As regras de competência estão delineadas principalmente na Constituição Federal e em algumas legislações ordinárias, que deverão ser compatíveis com a Magna Carta. Veja alguns exemplos, sem qualquer pretensão de exaurimento: Presidente da República, Senadores e Deputados Federais, nas infrações penais comuns, possuem foro privilegiado no STF (art. 102, I, b da CRFB/88); os Governadores dos Estados e do DF, membros dos TCEs e membros dos Tribunais Regionais Federais, Eleitorais e do Trabalho, possuem foro no STJ (art. 105, I, a da CRFB/88); os Prefeitos Municipais serão julgados, nos crimes comuns, perante os Tribunais de Justiça do respectivo estado-membro (art. 29, X da CRFB/88); juízes federais e membros do Ministério Público da União (art. 108, I a da CRFB/88); dentre outros.
Art. 102. Compete ao Supremo Tribunal Federal, precipuamente, a guarda da Constituição, cabendo-lhe:
I - processar e julgar, originariamente:
(...)
b) nas infrações penais comuns, o Presidente da República, o Vice-Presidente, os membros do Congresso Nacional, seus próprios Ministros e o Procurador-Geral da República;
Art. 105. Compete ao Superior Tribunal de Justiça:
I - processar e julgar, originariamente:
a) nos crimes comuns, os Governadores dos Estados e do Distrito Federal, e, nestes e nos de responsabilidade, os desembargadores dos Tribunais de Justiça dos Estados e do Distrito Federal, os membros dos Tribunais de Contas dos Estados e do Distrito Federal, os dos Tribunais Regionais Federais, dos Tribunais Regionais Eleitorais e do Trabalho, os membros dos Conselhos ou Tribunais de Contas dos Municípios e os do Ministério Público da União que oficiem perante tribunais;
Art. 29. O Município reger-se-á por lei orgânica, votada em dois turnos, com o interstício mínimo de dez dias, e aprovada por dois terços dos membros da Câmara Municipal, que a promulgará, atendidos os princípios estabelecidos nesta Constituição, na Constituição do respectivo Estado e os seguintes preceitos:
(...)
X - julgamento do Prefeito perante o Tribunal de Justiça; (Renumerado do inciso VIII, pela Emenda Constitucional nº 1, de 1992)
Art. 108. Compete aos Tribunais Regionais Federais:
I - processar e julgar, originariamente:
a) os juízes federais da área de sua jurisdição, incluídos os da Justiça Militar e da Justiça do Trabalho, nos crimes comuns e de responsabilidade, e os membros do Ministério Público da União, ressalvada a competência da Justiça Eleitoral;[16]

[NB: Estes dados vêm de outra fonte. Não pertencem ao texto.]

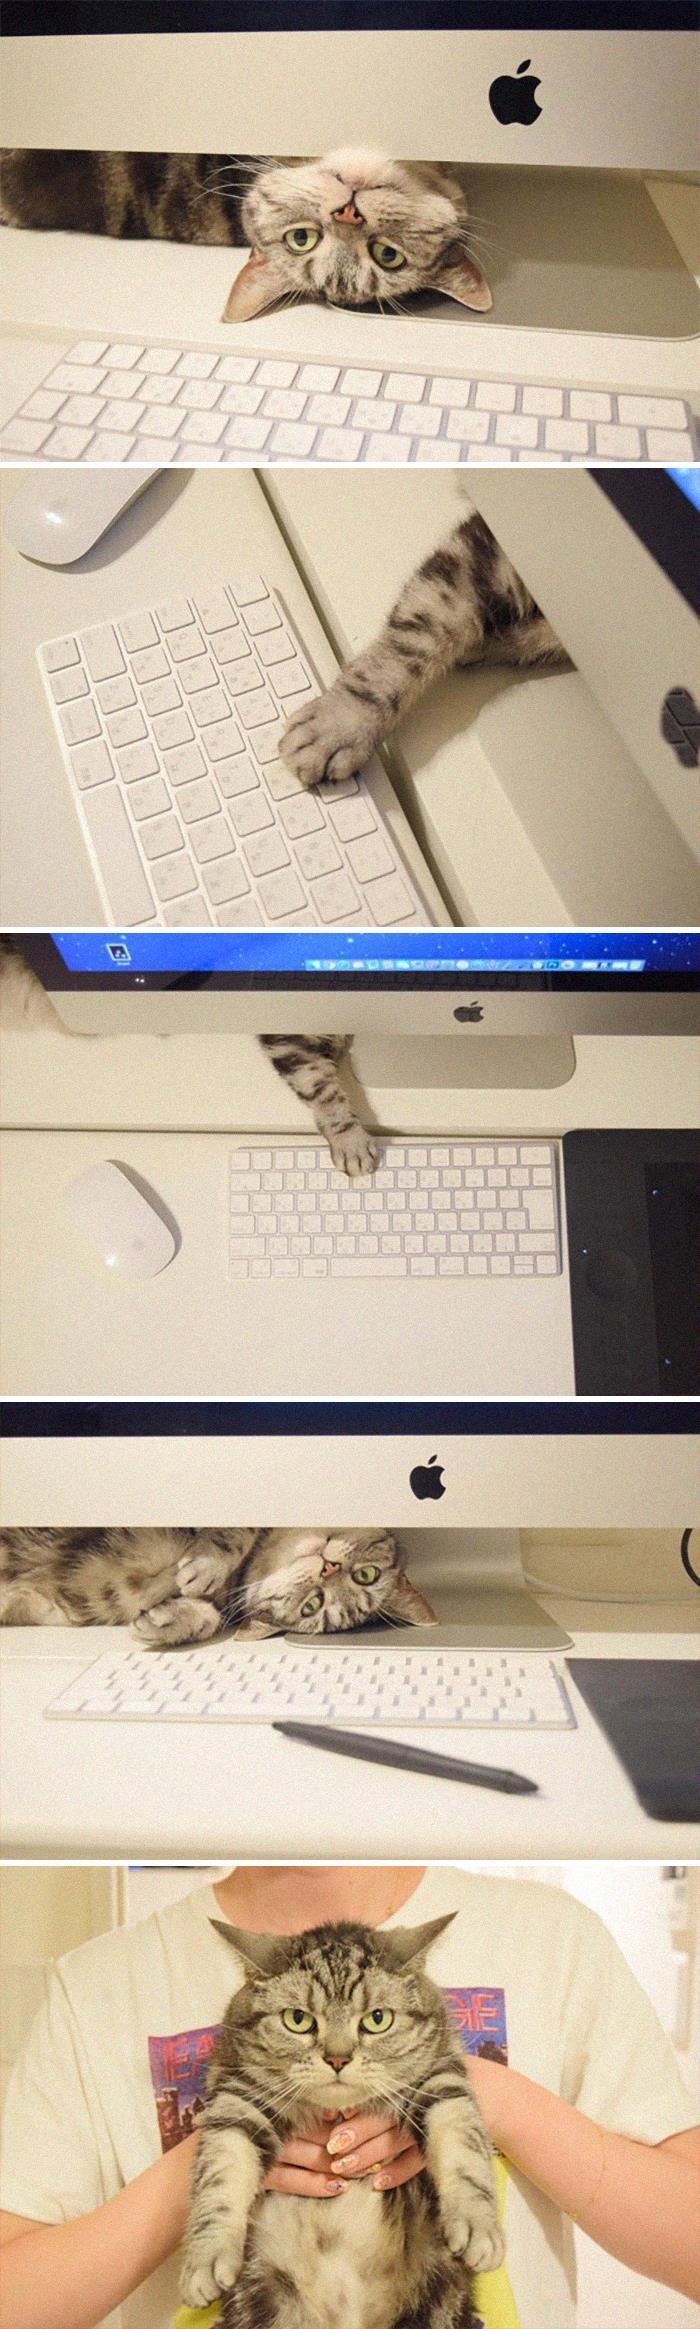 35 fotos de gatos hilariantes que você precisa ver 35
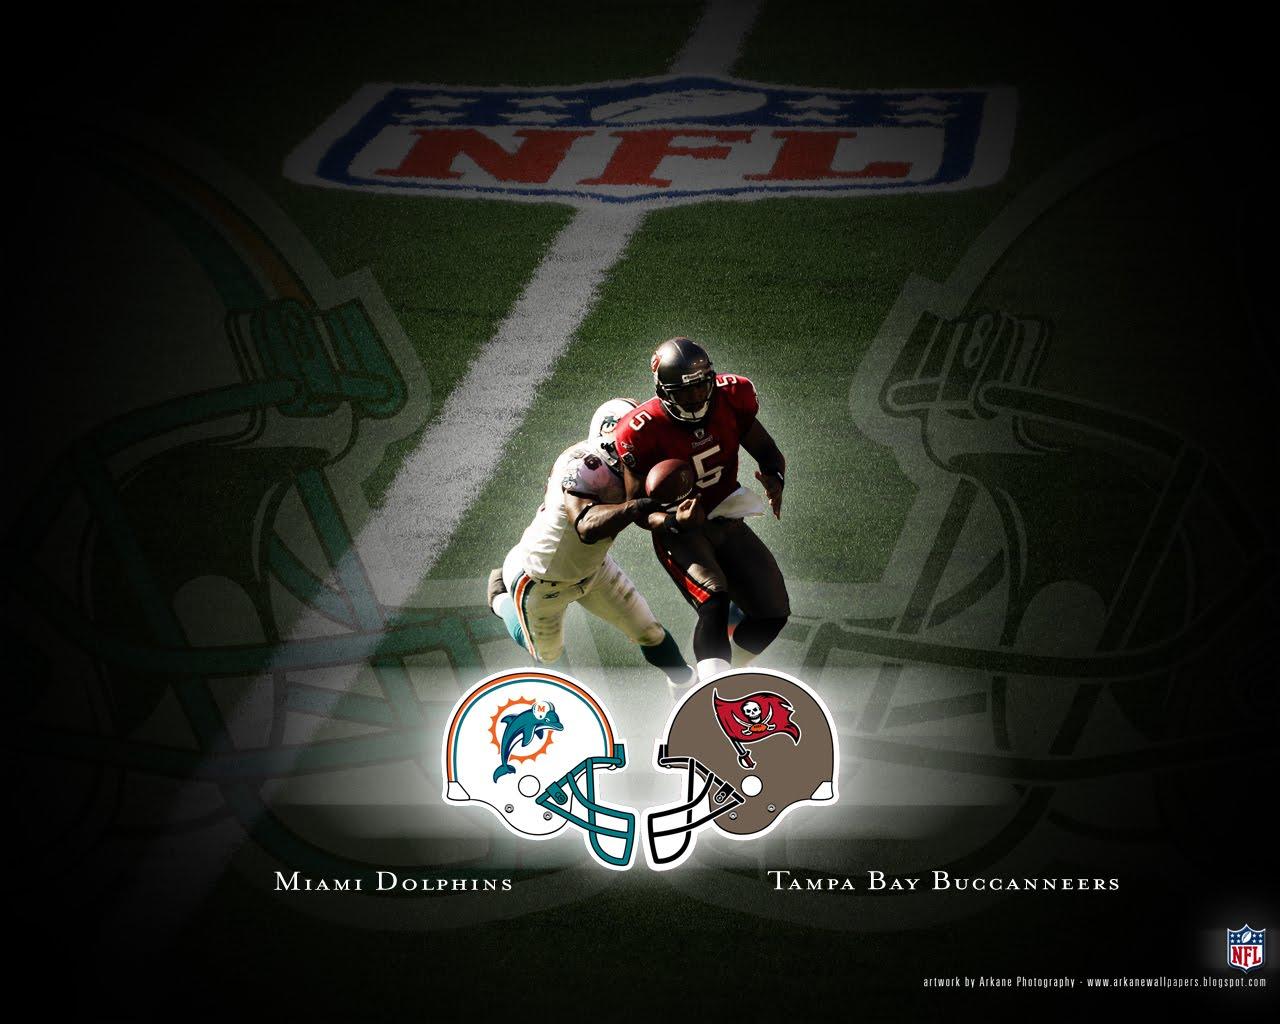 http://3.bp.blogspot.com/_JuYYGgmnUQU/SwWyka6Cy5I/AAAAAAAAAdI/Kc1ML0OJWH4/s1600/Battle10-Dolphins-Buccanneers.jpeg

Uma análise superficial e imobilizada do texto constitucional poderia levar à conclusão de que a prerrogativa de função se restringiria à fase processual, sem repercussão na esfera investigativa. Entretanto, este não é o posicionamento da doutrina e da atual jurisprudência dos tribunais superiores, que entendem que, a depender da autoridade e do Tribunal competente, a prerrogativa funcional gerará reflexos diferentes nesta fase investigativa.
O Plenário do Supremo Tribunal Federal já decidiu que as investigações de autoridades que possuam foro por prerrogativa na respectiva Corte só poderão iniciar ou prosseguir com a autorização deste Tribunal. A competência originária do STF por conta da prerrogativa de função é estendida, de forma implícita, à fase investigativa.
Segundo Márcio André Lopes Cavalcante:
“Se fosse permitido que tais autoridades pudessem ser investigadas pela autoridade policial ou pelo MP sem a supervisão do STF, haveria um enfraquecimento, uma mitigação, da garantia conferida pelo foro por prerrogativa de função. Em outras palavras, continuaria havendo riscos de perseguições políticas e instabilidade institucional se as autoridades pudessem ser investigadas sem o controle do STF.”[17]
Este entendimento é extraído de decisão paradigmática do Plenário do STF, no Inq 2411 QO, da relatoria do Ministro Gilmar Mendes, em 10/10/2007. No julgado, o ministro traz algumas premissas que devemos ser consideradas.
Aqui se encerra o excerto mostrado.